100% CPU Utilisation in Akka.IO server.

lewishazell commented 8 years ago

I'm new to the code so I hope I'm not missing something here...

This issue was reported before and closed, but is not fixed. I have 100% CPU usage on one core when running an Akka.IO TCP server. I've looked into the issue and found that the problem is that C# provides no way to interrupt/cancel Socket.Select() and Akka.NET is running in a continuous loop because the listening socket (correctly) never leaves the _read list.

Here is the Scala code, vs the C# code for SelectionHandler.Execute().

The important part is the selector.wakeUp() method. In scala, the selector waits forever, until either something happens on any of the sockets or wakeUp() is called within execute() to make the thread process the action that was pushed to the queue instead.

It seems there is no equivalent wakeUp() method in C#. One way I can think is to set no timeout (pass -1 to microSeconds argument in Socket.Select()) and connect an "interrupt socket" to the port after binding and, when we wish to exit Socket.Select(), send an empty byte array through this "interrupt socket". I don't know how this would affect performance, however. It's a hack, and potentially too slow for Akka.

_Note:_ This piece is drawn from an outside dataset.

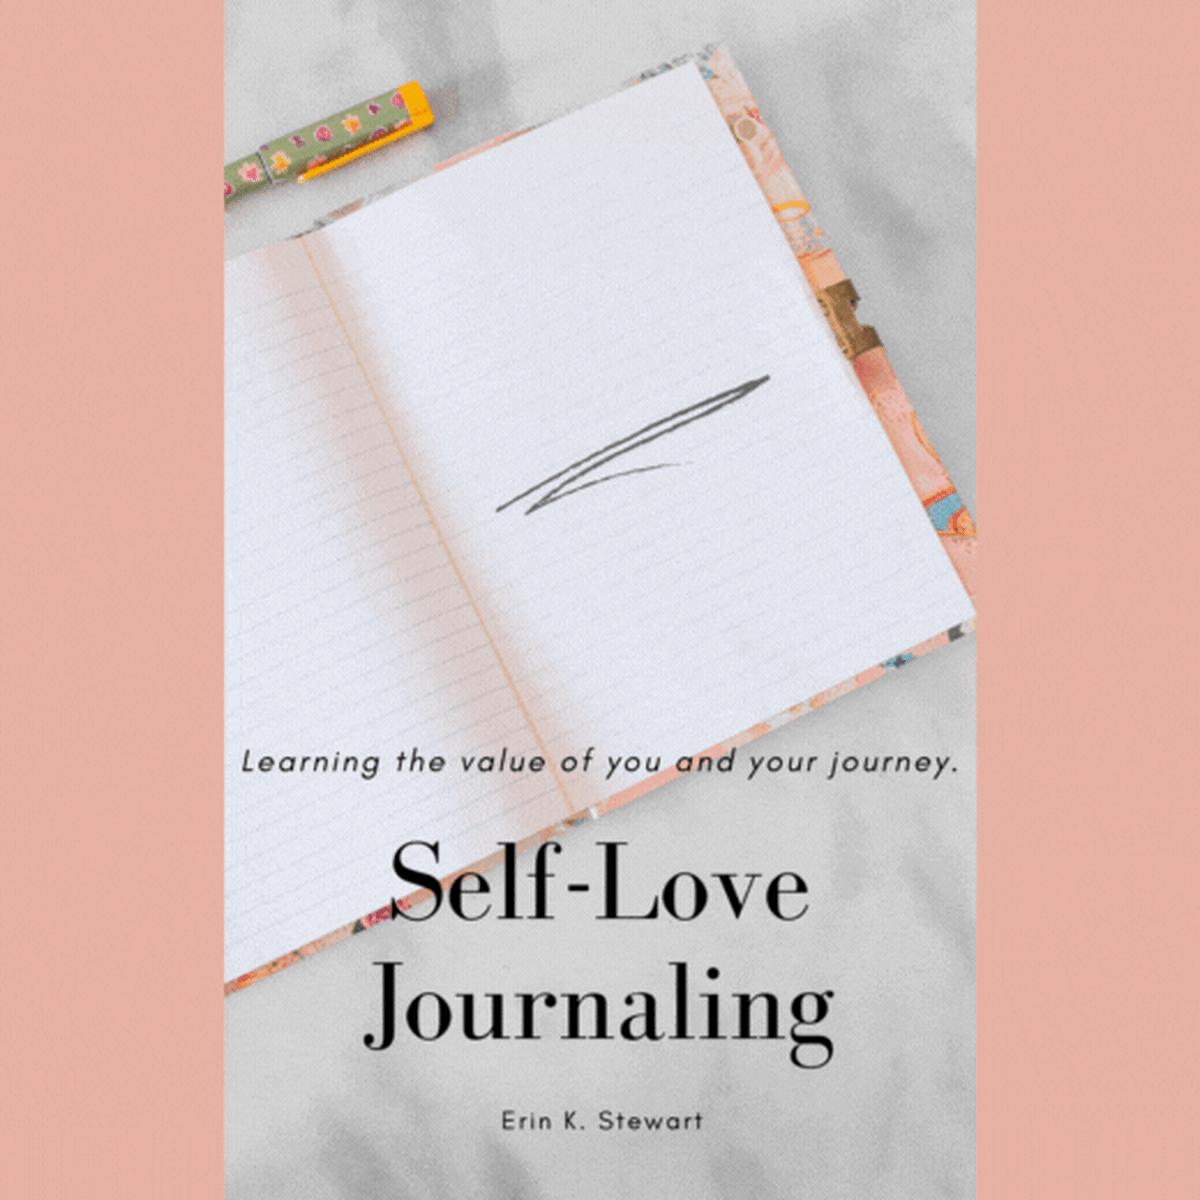 How to Journal for Self-Love

Another, perhaps more performant, option is to redesign the socket server so it provides the same functionality without being exactly the same under the hood. Although, perhaps using SocketAsyncEventArgs, we can wrap this in a "Selector" class that behaves like java.nio.channels.Selector to keep the code looking similar to the Scala? I'm not sure if this is possible, though, so would need to be looked in to.

Any thoughts?

Aaronontheweb commented 8 years ago

@Lewis-H Hi Lewis, going to cc some of the folks working on Akka.Streams here: @Horusiath @Silv3rcircl3 @cconstantin

Akka.IO needs to be rearchitected, for the reasons you point out. It really should be using SocketAsyncEventArgs so it can take advantage of io completion ports and be asynchronous. It currently does not today. There will be an effort to redo that in the not too distant future, since Akka.Streams.IO depends on it.

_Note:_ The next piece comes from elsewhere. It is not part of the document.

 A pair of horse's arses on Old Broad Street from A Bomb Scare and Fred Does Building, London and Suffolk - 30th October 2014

lewishazell commented 8 years ago

@Aaronontheweb Brilliant, at least I'm not overlooking something. I wondered what the SocketAsyncEventArgsPool was doing there unused! I'll keep up with the development on that and try to help out where possible, even if it's just testing.

Thanks.

Aaronontheweb commented 8 years ago

@Lewis-H if you can change out the underlying socket implementation to use SocketAsyncEventArgs under the hood, that's a pull request we'd happily accept if you're interested in contributing. Otherwise we're going to end up having to do that ourselves, but it's a lower priority than some other bits being worked on at the moment (the 1.1 release is mostly focused on Akka.Remote, Cluster, and releasing the beta for Akka.Streams.)

lewishazell commented 8 years ago

@Aaronontheweb Okay, since it's low priority at the moment but will be needed, I'll start looking in to it. I really like the library so I'm happy to contribute.

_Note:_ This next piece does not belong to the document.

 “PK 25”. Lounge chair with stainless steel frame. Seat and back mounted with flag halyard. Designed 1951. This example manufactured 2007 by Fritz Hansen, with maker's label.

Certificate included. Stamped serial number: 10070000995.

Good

marcpiechura commented 8 years ago

@Lewis-H regarding to Akka.Streams, we have ported all code for IO but most of the specs are failing and therefore we marked them as skipped, you can find them here. So if you have updated the Akka.IO implementation you could try to enable them again to see if they pass.

lewishazell commented 8 years ago

Thanks for that @Silv3rcircl3, I'll try that out when it's done.

So the a big problem here is that SocketAsyncEventArgs makes calls to unmanaged code which means the bytes get pinned to memory. The GC can't touch them, which will cause memory fragmentation if the code creates new bytes as they're needed and I think they cannot be collected even if they're not referenced anymore. I'm not sure if SocketAsyncEventArgs.Dispose() would unpin the bytes; it'd cause an OutOfMemoryException eventually, if not. On the upside, I believe we can create instances of SocketAsyncEventArgs when there aren't enough in the pool and dispose of them after.

I've made a mock up echo server to test some ideas (sorry for its crudeness). I allocate 1MiB to the buffer pool at the beginning and use 1KiB sections of that at a time for each operation, pulling the section from the ConcurrentStack. When waiting for a read, I give the operation no bytes so there isn't 1KiB being held indefinitely when waiting for a read operation. Also, the SocketAsyncEventArgs would obviously be pooled in the real version.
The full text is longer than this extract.